作者投稿和查稿 主编审稿 专家审稿 编委审稿 远程编辑

计算机工程 ›› 2024, Vol. 50 ›› Issue (8): 216-228. doi: 10.19678/j.issn.1000-3428.0068285

• 图形图像处理 • 上一篇    下一篇

基于自监督学习的葡萄实例去重叠遮挡算法

曾湄1, 王逸涵1, 雷志伟1, 刘雪垠1,2, 李柏林1,*()   

  1. 1. 西南交通大学机械工程学院, 四川 成都 610031
    2. 四川省机械设计研究院研发中心, 四川 成都 610063
  • 收稿日期:2023-08-24 出版日期:2024-08-15 发布日期:2023-12-28
  • 通讯作者: 李柏林
  • 基金资助:
    四川省科技计划重点研发项目(2021YFN0020)

Grape Instance De-Overlapping Occlusion Algorithm Based on Self-Supervised Learning

Mei ZENG1, Yihan WANG1, Zhiwei LEI1, Xueyin LIU1,2, Bailin LI1,*()   

  1. 1. School of Mechanical Engineering, Southwest Jiaotong University, Chengdu 610031, Sichuan, China
    2. Research and Development Center, Sichuan Machinery Research and Design Institute, Chengdu 610063, Sichuan, China
  • Received:2023-08-24 Online:2024-08-15 Published:2023-12-28
  • Contact: Bailin LI

摘要:

传统随机遮挡算法在合成葡萄遮挡图像时会导致合成数据失真, 易使葡萄遮挡预测失效。因此, 提出一种适用于葡萄遮挡预测的遮挡数据合成方法, 并进一步提出基于自监督学习的葡萄实例去遮挡预测算法。在数据合成阶段, 该算法采用接近式遮挡策略取代随机遮挡方式用于将完整葡萄实例合成为不同的被遮挡实例, 并在合成过程前通过一系列预处理机制来控制互为遮挡的葡萄实例尺寸, 从而保证合成的遮挡葡萄符合真实情形, 不存在失真问题; 随后, 将遮挡预测过程拆分为掩码重构与语义填充2个部分, 并挑选对应的合成数据分别用于训练基于通用Unet的掩码重构网络和语义填充网络。为了克服因实例分割截取尺寸限制而无法预测完整实例的问题, 该算法在数据合成阶段充分考虑被遮挡实例与遮挡者实例, 并提出对应的重构和填充函数; 在遮挡预测阶段, 基于开源架构训练的Pointrend实例分割网络以及所提出的掩码重构网络和语义填充网络被依次用来完成对被遮挡葡萄的预测。在遮挡估计数据集上进行实验, 结果表明, 该算法预测的遮挡葡萄掩码与真实标注间的交并比(IoU)值达到81.16%, 高于其他对比方法, 表明所提合成算法与重构框架能够用于葡萄遮挡预测任务。
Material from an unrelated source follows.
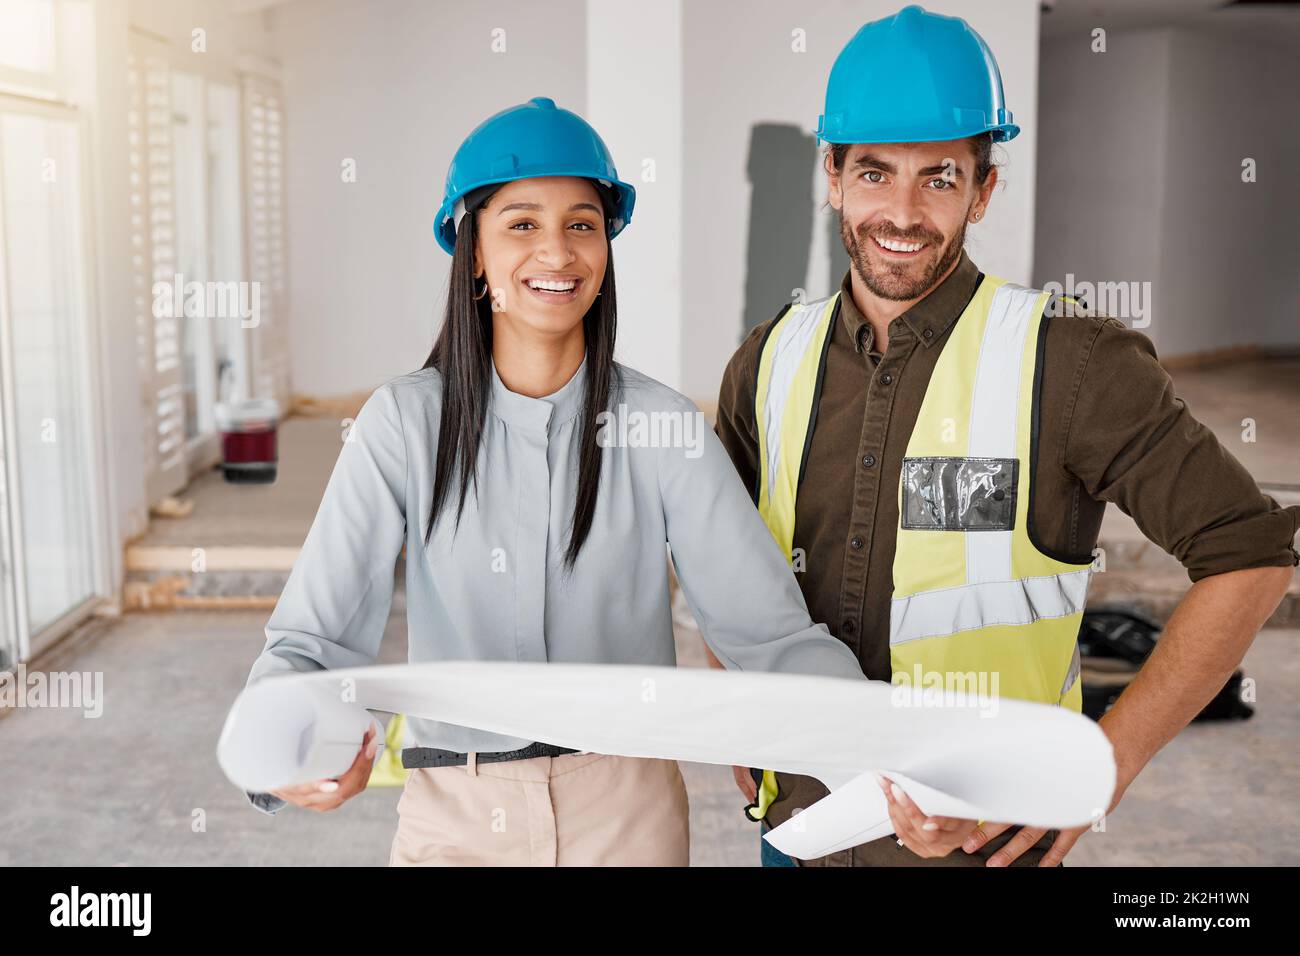 Building the house weve always dreamt of. Shot of two young architects looking at building plans on site. Stock Photo

关键词: 葡萄遮挡, 遮挡预测, 重构网络, 遮挡合成, 实例分割

Abstract:

Conventional random occlusion algorithms used in generating synthetic occluded grape images often lead to data distortion, potentially rendering grape occlusion prediction ineffective. Therefore, this study proposes an occlusion data synthesis method suitable for grape occlusion prediction and further introduces a self-supervised grape instance de-occlusion prediction algorithm. During data synthesis, the proposed algorithm employs a proximity-based occlusion strategy to replace random occlusion methods for synthesizing different occluded instances from complete grape instances. Prior to the synthesis process, various preprocessing mechanisms are employed to control the sizes of mutually occluding grape instances, ensuring that the synthesized occluded grapes align with real-world conditions without distortion. Subsequently, the proposed approach splits occlusion prediction into mask reconstruction and semantic inpainting components. The study selects the corresponding synthetic data to train a generic Unet-based mask reconstruction network and a semantic inpainting network. To address the inability to predict complete instances owing to the limitations of instance segmentation cropping sizes, our algorithm fully considers both the occluded and occluder instances during data synthesis. The study introduces corresponding reconstruction and inpainting functions. In the occlusion prediction phase, an instance segmentation network, Pointrend, trained on an open-source architecture, the proposed mask reconstruction network, and a semantic inpainting network are sequentially applied to predict occluded grapes. When applied to the collected occlusion estimation dataset, the proposed algorithm achieves an Intersection-over-Union (IoU) value of 81.16% between the predicted occluded grape masks and ground truth annotations, outperforming other comparative methods. Experimental results demonstrate that the proposed synthesis algorithm and reconstruction framework are effective for grape occlusion prediction.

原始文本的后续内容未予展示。